The mistake that many make when talking about climate change is assuming that it is a future problem, a problem that does not exist now. However, whether you like it or not, the reality is different. Climate change is a health emergency, that is happening right in front of our eyes. And it will only get worse.

“You see the fingerprints of climate change on the extreme heatwaves that the UK and Western Europe have faced. In seven of the last 10 summers, heatwaves have been much fiercer. They last longer. They kill many, many more people than would otherwise have been the case. And that is also true of the famous heatwave in 2003 that resulted in 70,000 excess deaths over that summer,” says Dr Watts.

According to him, heatwaves are among the very first examples of how climate change is affecting human health. Floods are another example. “We know that somewhere between 10 and 15 per cent of NHS facilities are currently on high-risk flood zones. That number is going to drastically increase over the next 20 years or so.  

“It doesn’t take much to realise that if you don’t respond pretty urgently, your health systems and your public health are put at risk,” Dr Watts warns.

Sadly, the effects of climate change on human health will only worsen in the years ahead.

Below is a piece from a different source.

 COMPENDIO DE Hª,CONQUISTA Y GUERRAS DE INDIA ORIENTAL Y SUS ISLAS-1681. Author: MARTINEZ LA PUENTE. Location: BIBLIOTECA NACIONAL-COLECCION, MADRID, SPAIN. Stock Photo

The World Health Organization (WHO) estimates that between 2030 and 2050, climate change is expected to cause approximately 250,000 additional deaths per year, from malnutrition, malaria, diarrhoea and heat stress. According to a report by The Joseph Rowntree Foundation, the UK’s infrastructure is not equipped to cope with warmer climates. The number of heat-related deaths in the UK during heatwaves could increase to 7,000 a year. 


Are health professionals doing enough?

“Although it is correct to say that the public understanding of climate change is increasing, we have a long way to go.” In Dr Watts’ mind, a key issue in this battle is communication. Those who warned us of the health implications of climate change are, most of the time, politicians during their electoral campaigns and young climate activists on demonstrations. 

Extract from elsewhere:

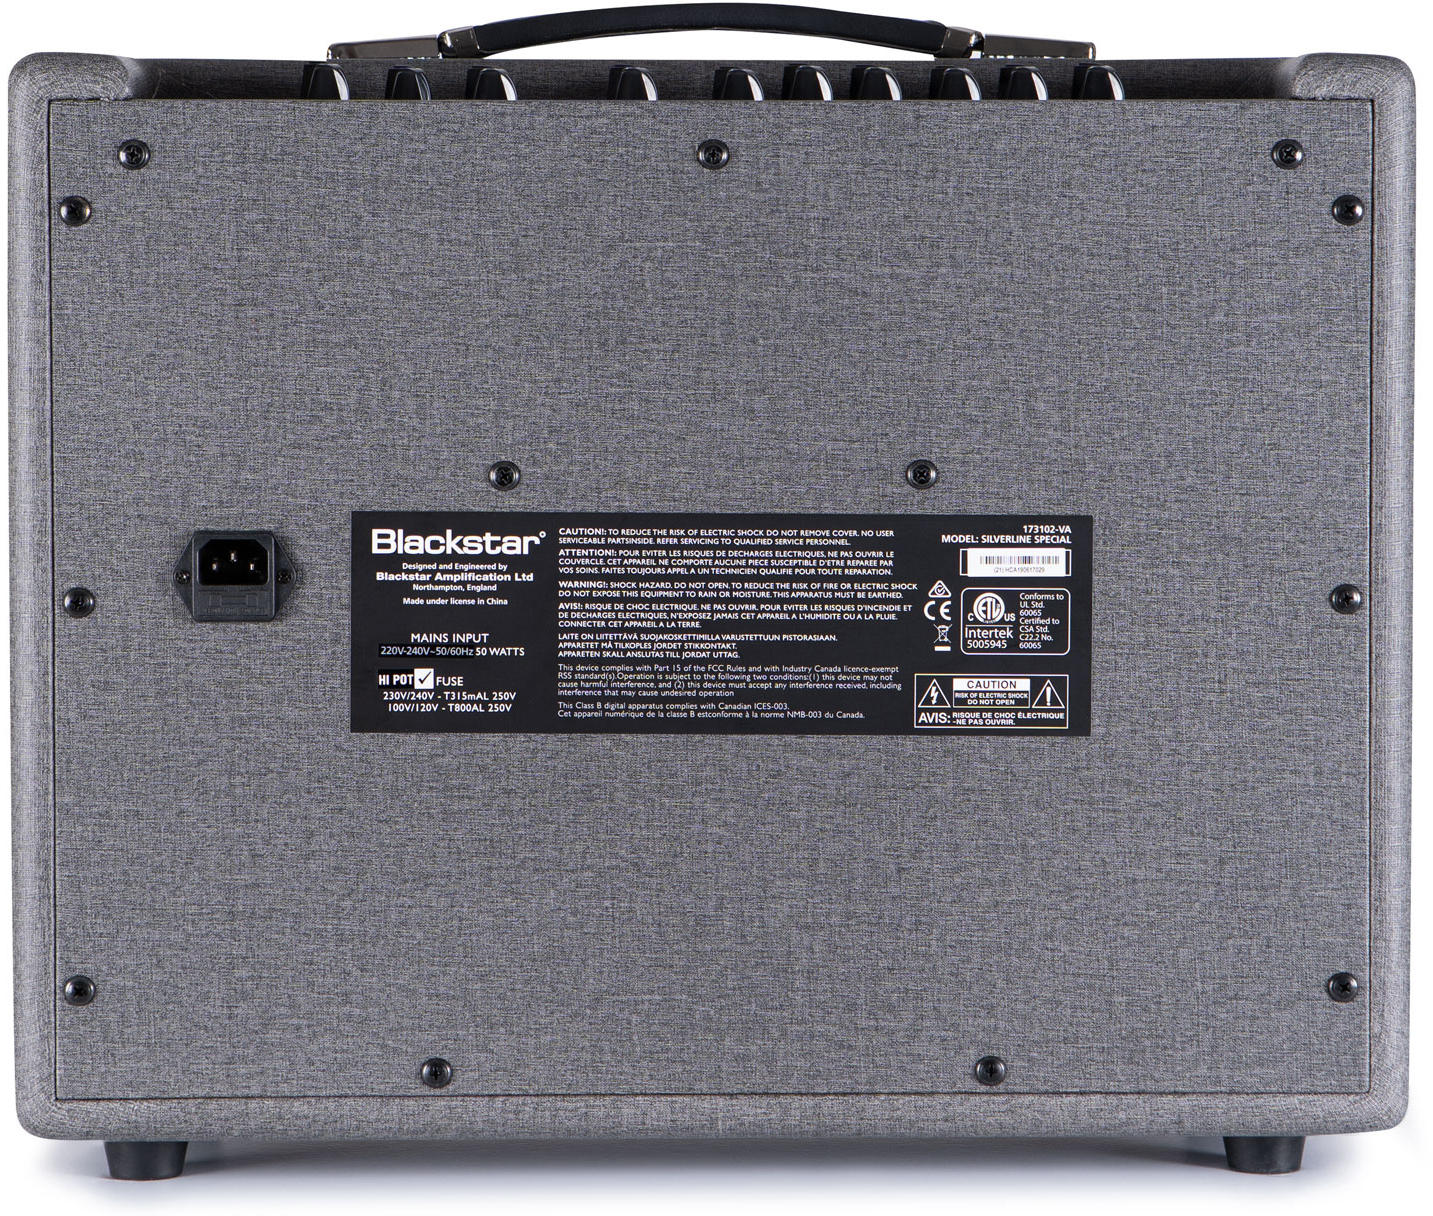 Blackstar Silverline Special 50w 1x12 - Combo amplificador para guitarra eléctrica - Variation 2

However, Dr Watts believes that rather than politicians and young climate activists, it’s public health professionals who should be at the forefront of communicating on climate change. 

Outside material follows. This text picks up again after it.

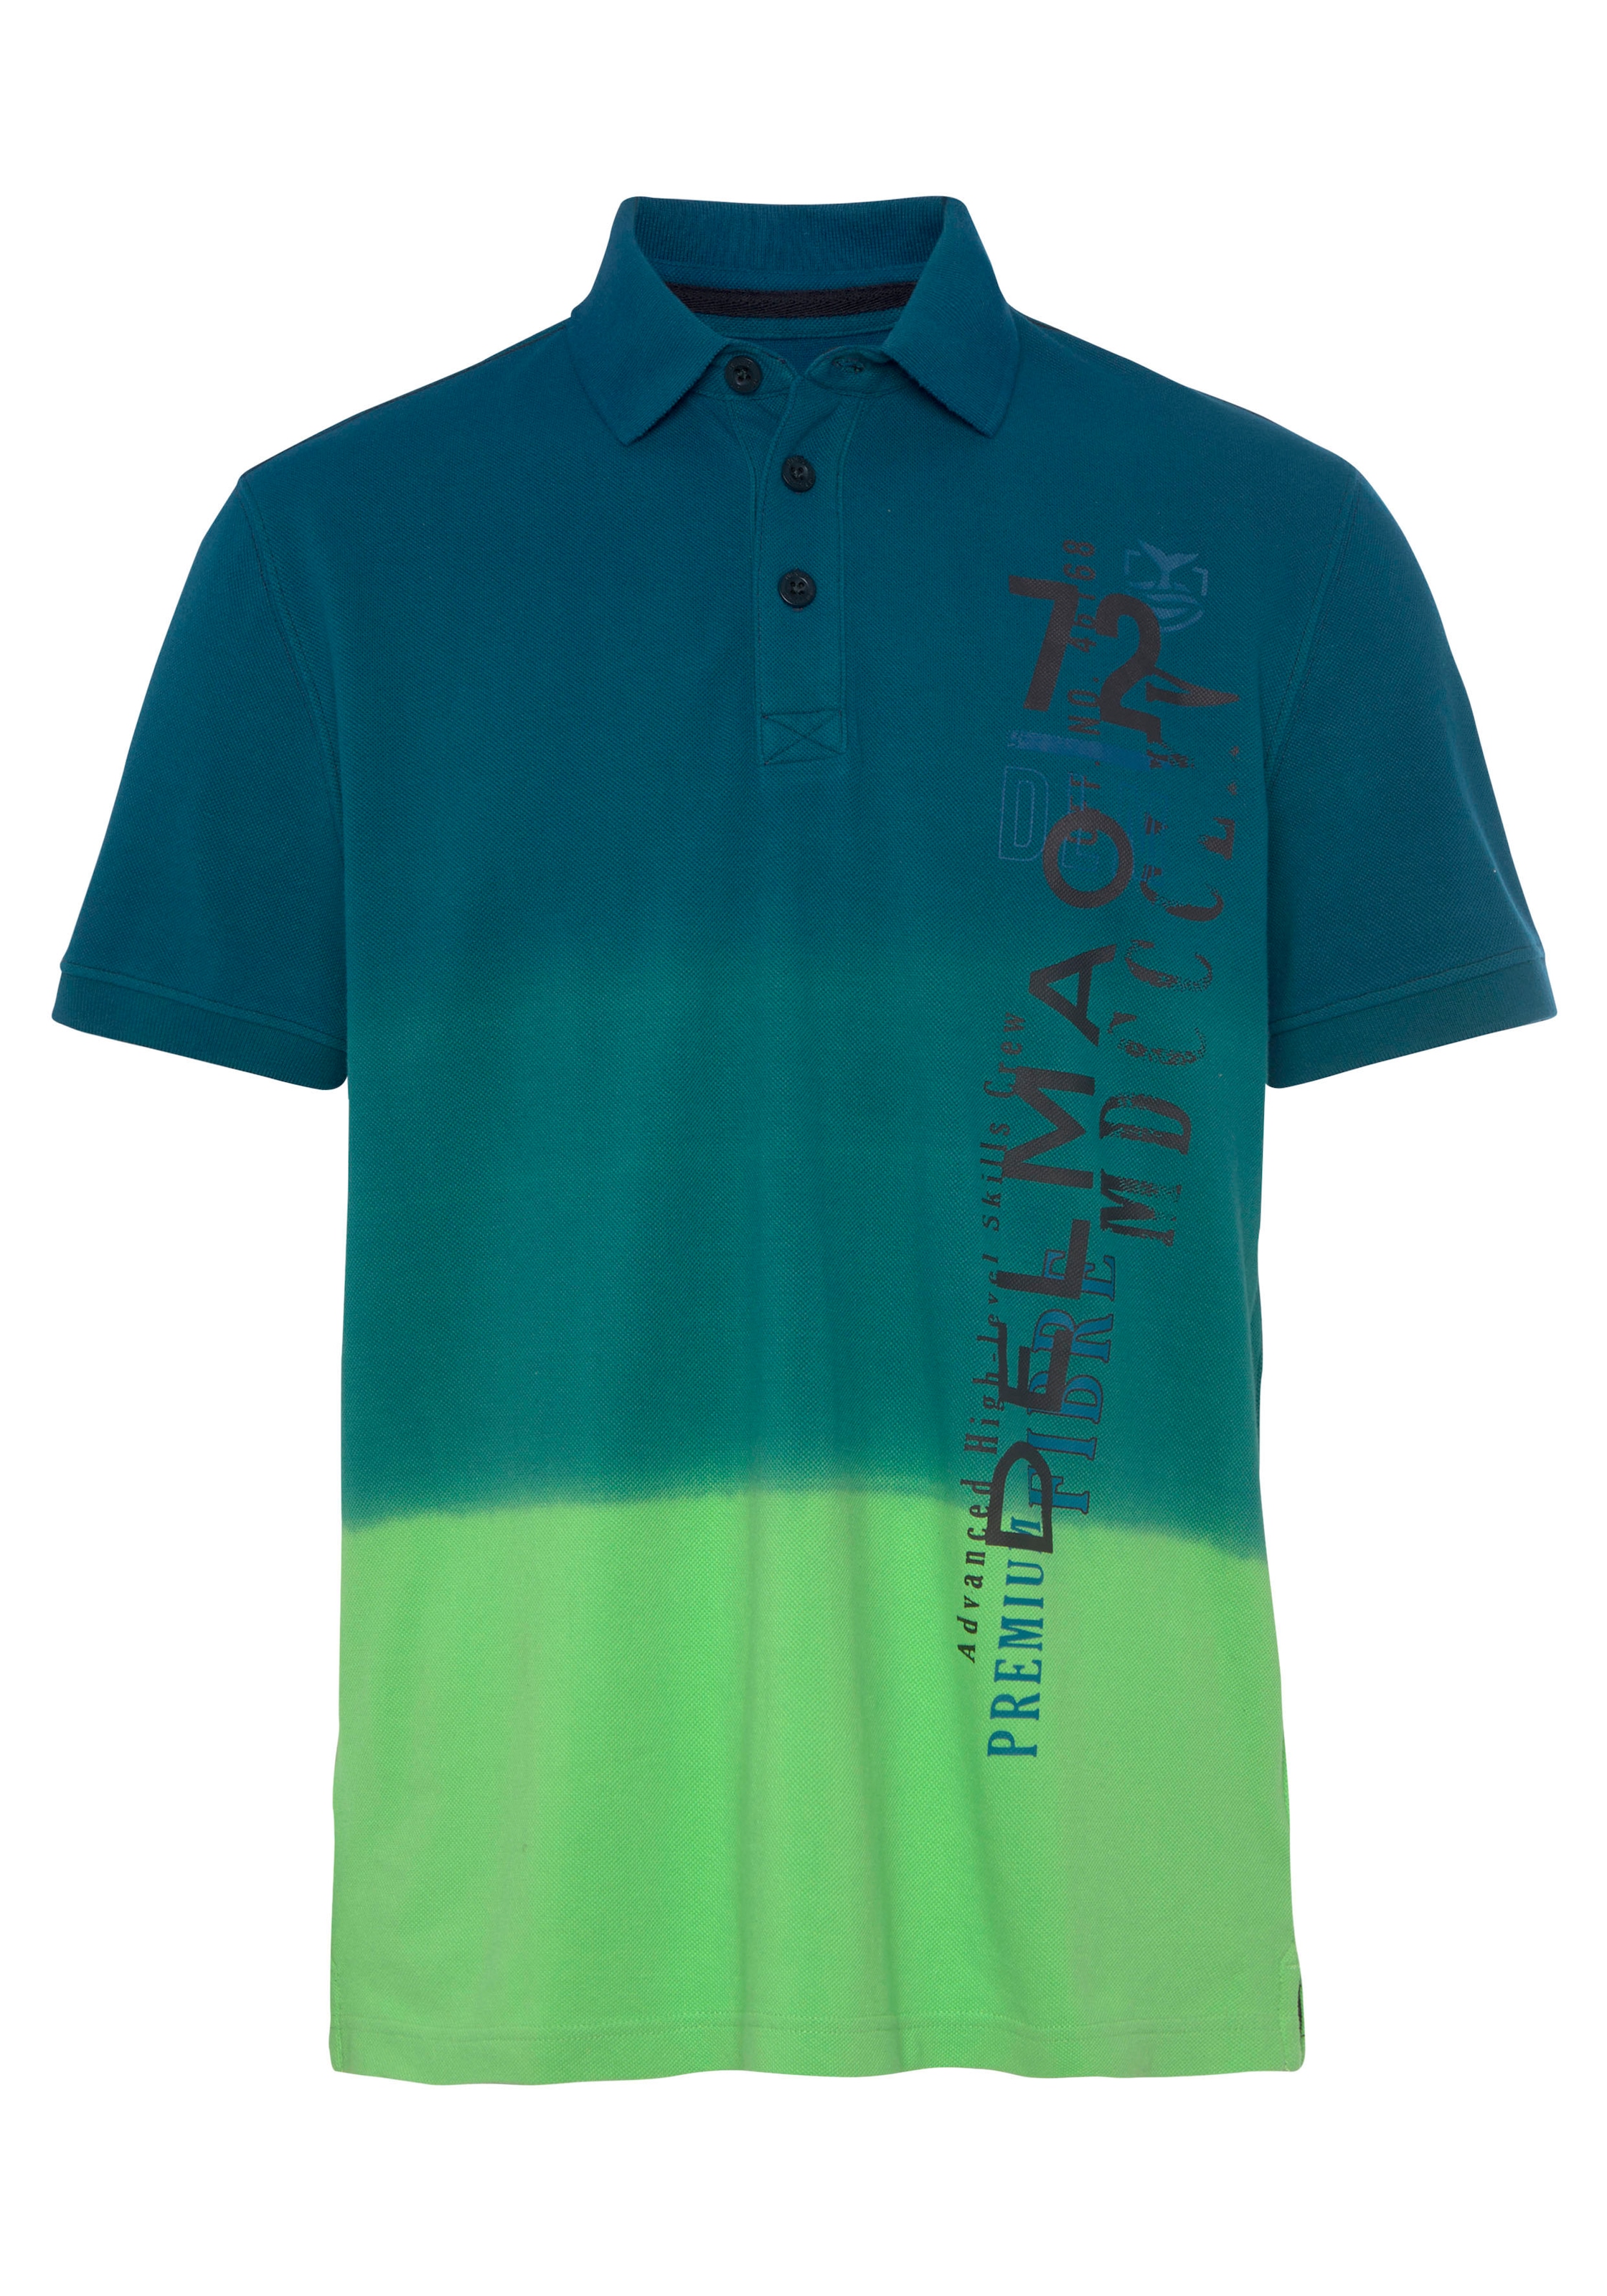 DELMAO Poloshirt, mit modischem Farbverlauf und Print- NEUE MARKE!

“If anyone is going to be telling the public what the effect of climate change is on their health, it is going to be a nurse, a public health professional or a doctor,” says Dr Watts. “We can sometimes be a little bit too slow, especially with long-term risk. And I think we have a fair bit of work to do in communicating. The message we as health professionals need to communicate is quite simple: climate change is bad for your health.”

In terms of what health professionals can do about climate change the WHO has a clear answer: advocate for health to be at the centre of all climate-change policies and plans. 

According to the WHO, health professionals should use their knowledge and authority “to inform and influence action in key national and international processes that guide policy and resources for work on climate change, such as preparation of national communications, national adaptation programmes of action and international agreements.”


Conclusion

As stressed before, climate change is a health emergency, and this is also because, as Dr Watts argues, “the social determinants of health and the NHS and health systems and health professionals that we depend on, they all depend on the environment.” The response that we all need to take to tackle this health crisis will need to be adequate for the severity of the problem and, most importantly, the responses will need to have public health professionals step up and drive the discourse.